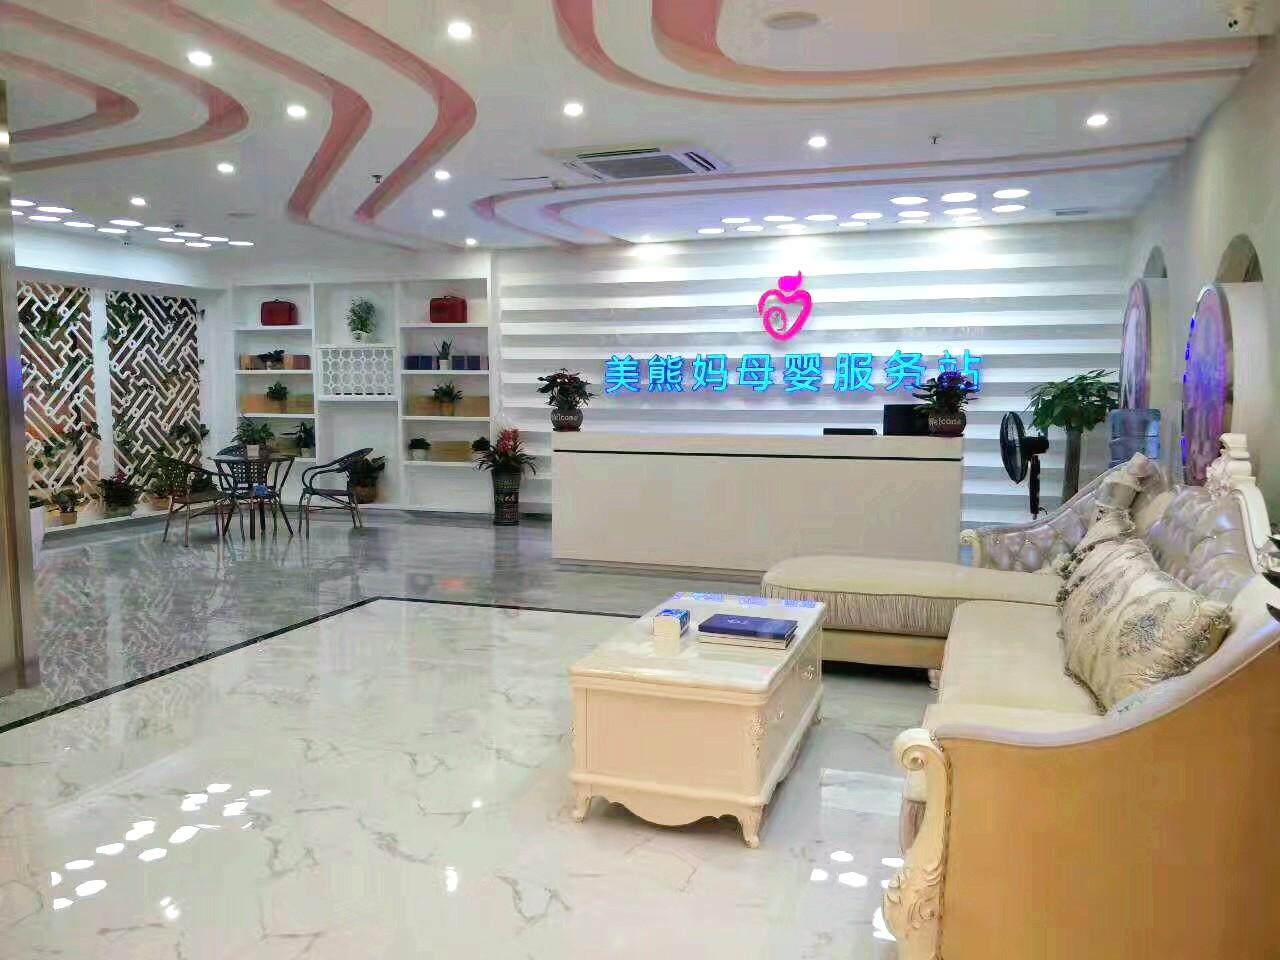 广州美熊妈母婴服务中心    母婴服务    广州美熊妈
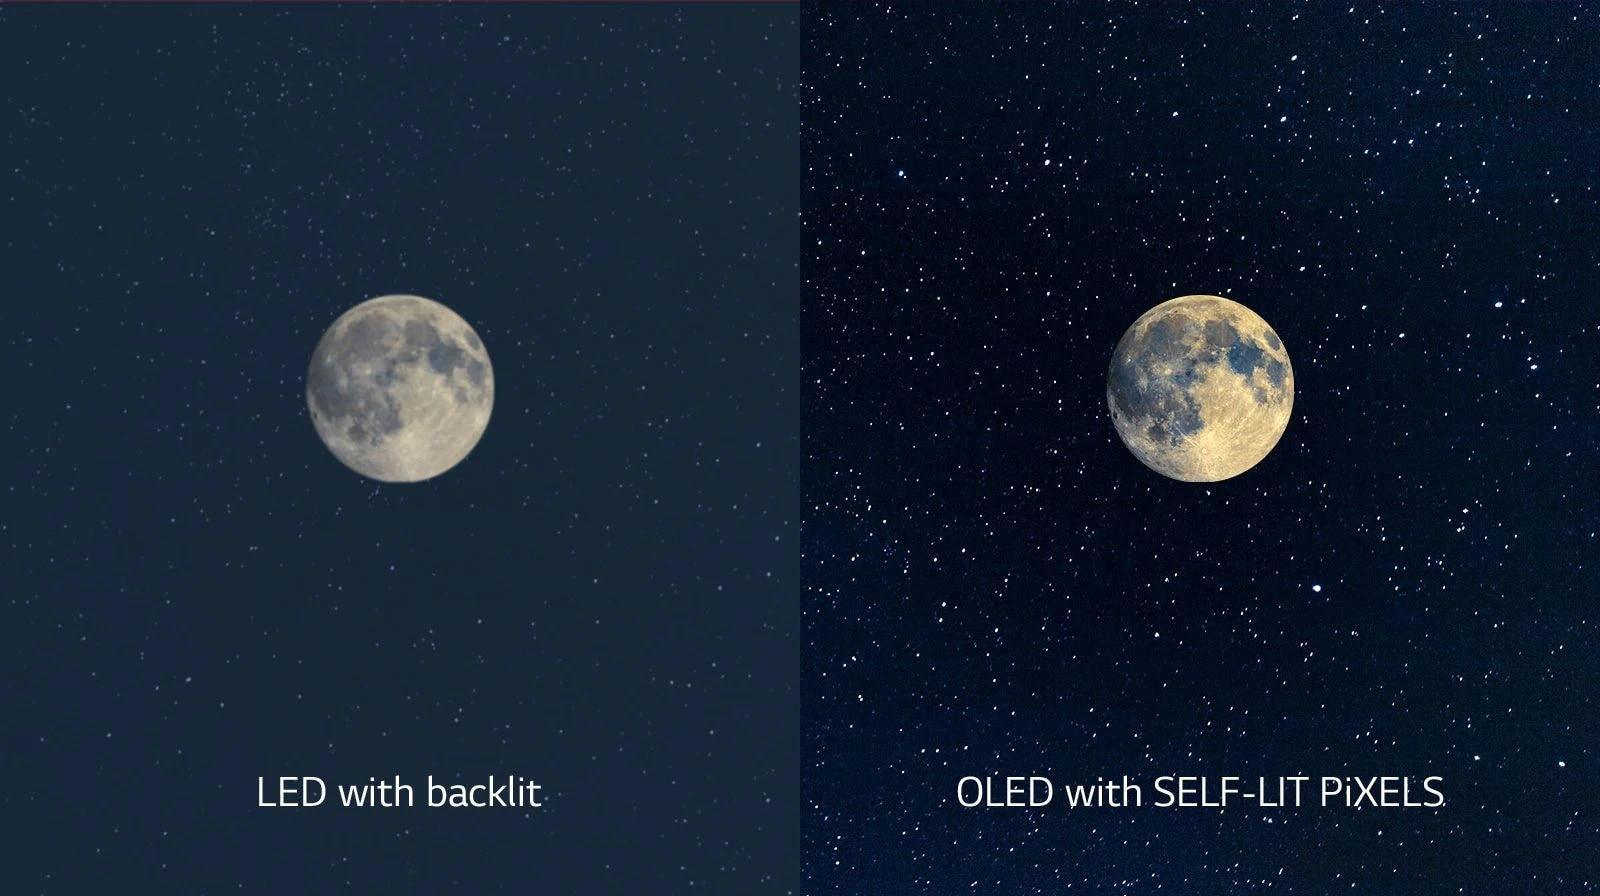 مشهد يوضح القمر، على تلفزيون LED بالجانب الأيسر مع لون أسود غير واضح وتلفزيون OLED على اليمين بلون أسود مثالي (تشغيل الفيديو)
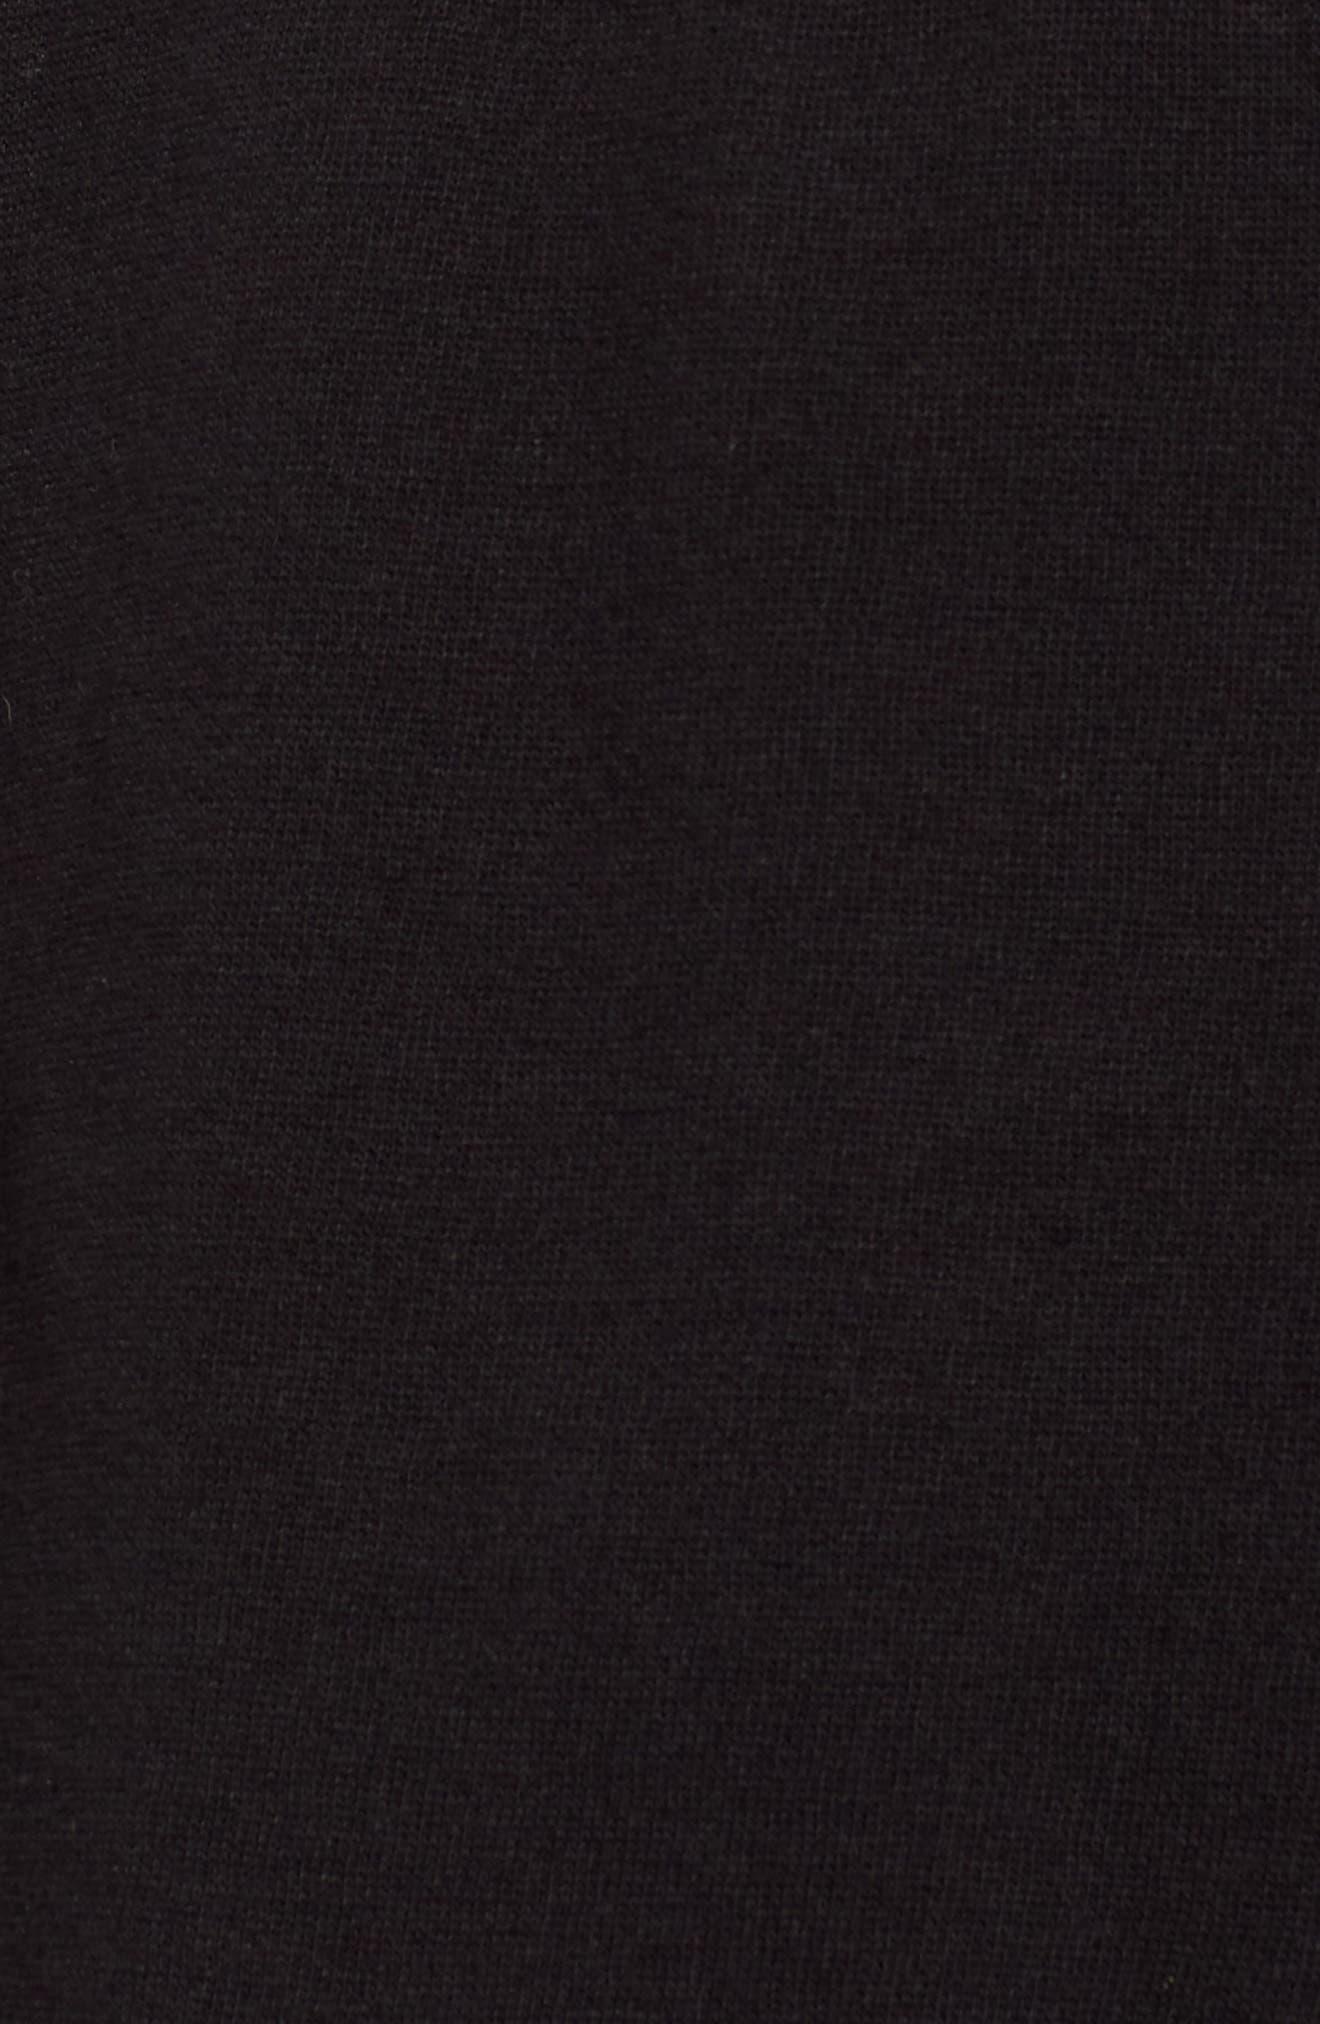 Bell Sleeve Hoodie,                             Alternate thumbnail 5, color,                             001
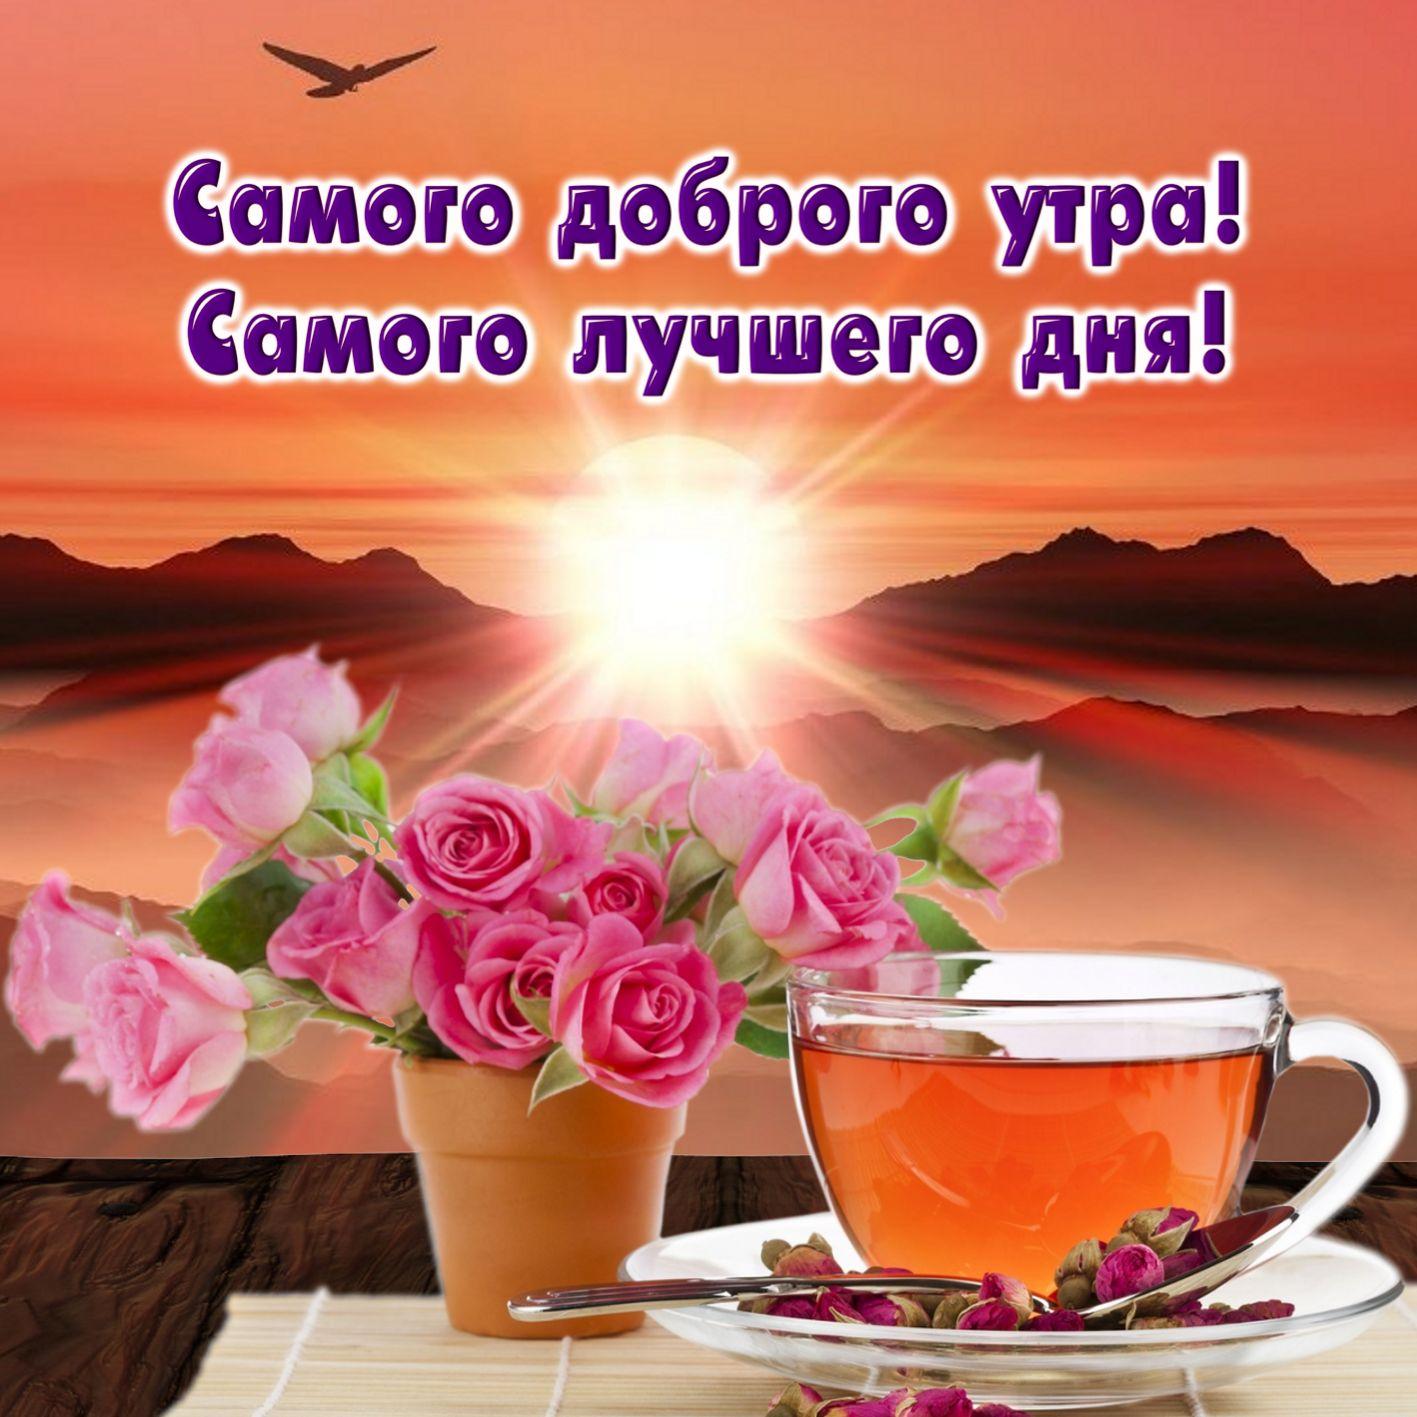 Всем доброе утро красивая открытка, баранкин будь человеком
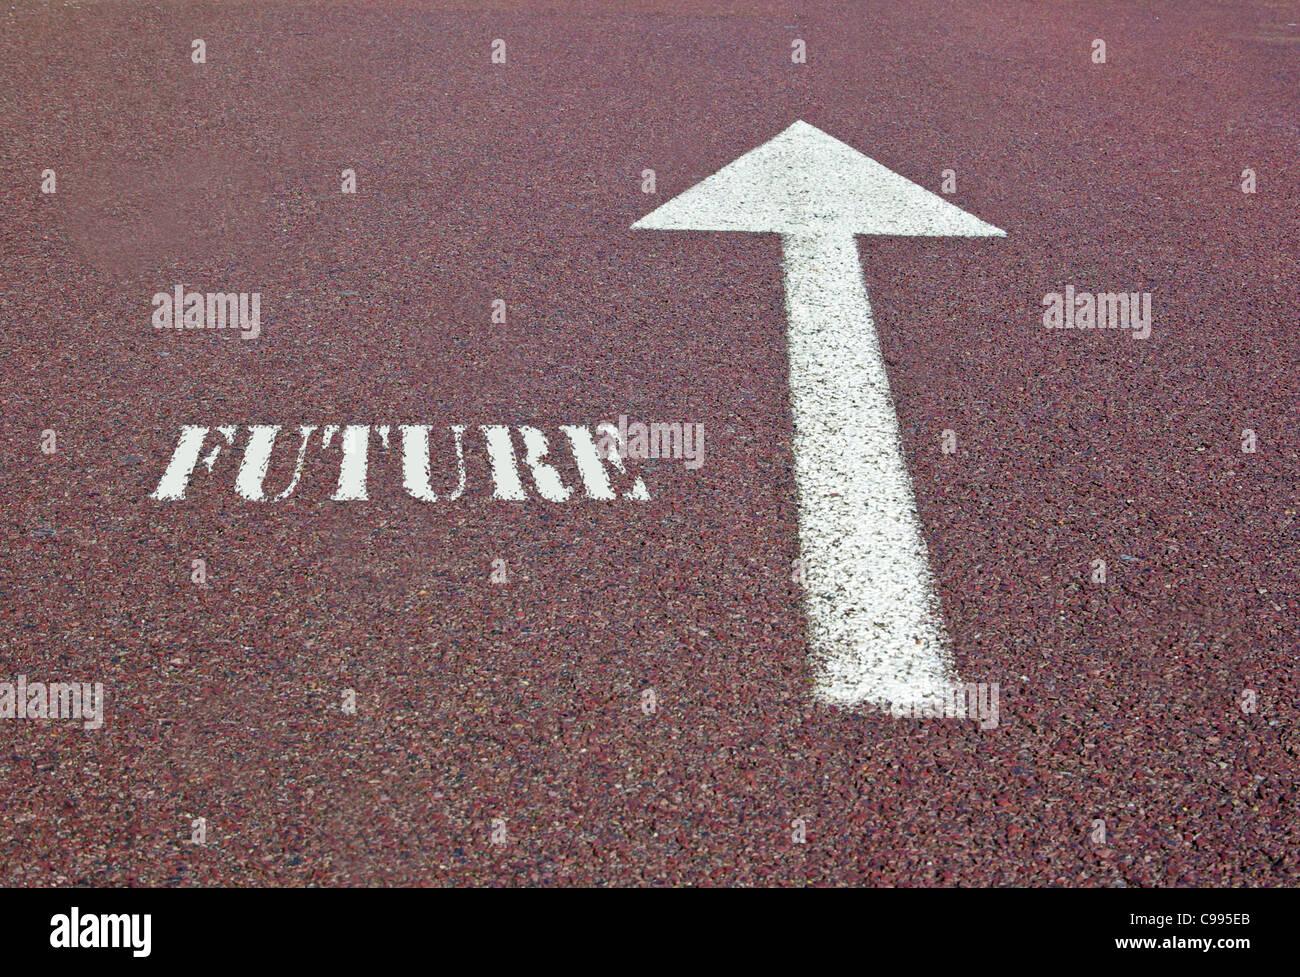 Una freccia su asfalto che mostra la direzione futura Immagini Stock

About this exercise: Using the material above, set down every line exactly, but skip the pictures.

Finished exercise:
 广州美熊妈母婴服务中心    母婴服务    广州美熊妈
 مشهد يوضح القمر، على تلفزيون LED بالجانب الأيسر مع لون أسود غير واضح وتلفزيون OLED على اليمين بلون أسود مثالي (تشغيل الفيديو)
 Bell Sleeve Hoodie,                             Alternate thumbnail 5, color,                             001
 Всем доброе утро красивая открытка, баранкин будь человеком
 Una freccia su asfalto che mostra la direzione futura Immagini Stock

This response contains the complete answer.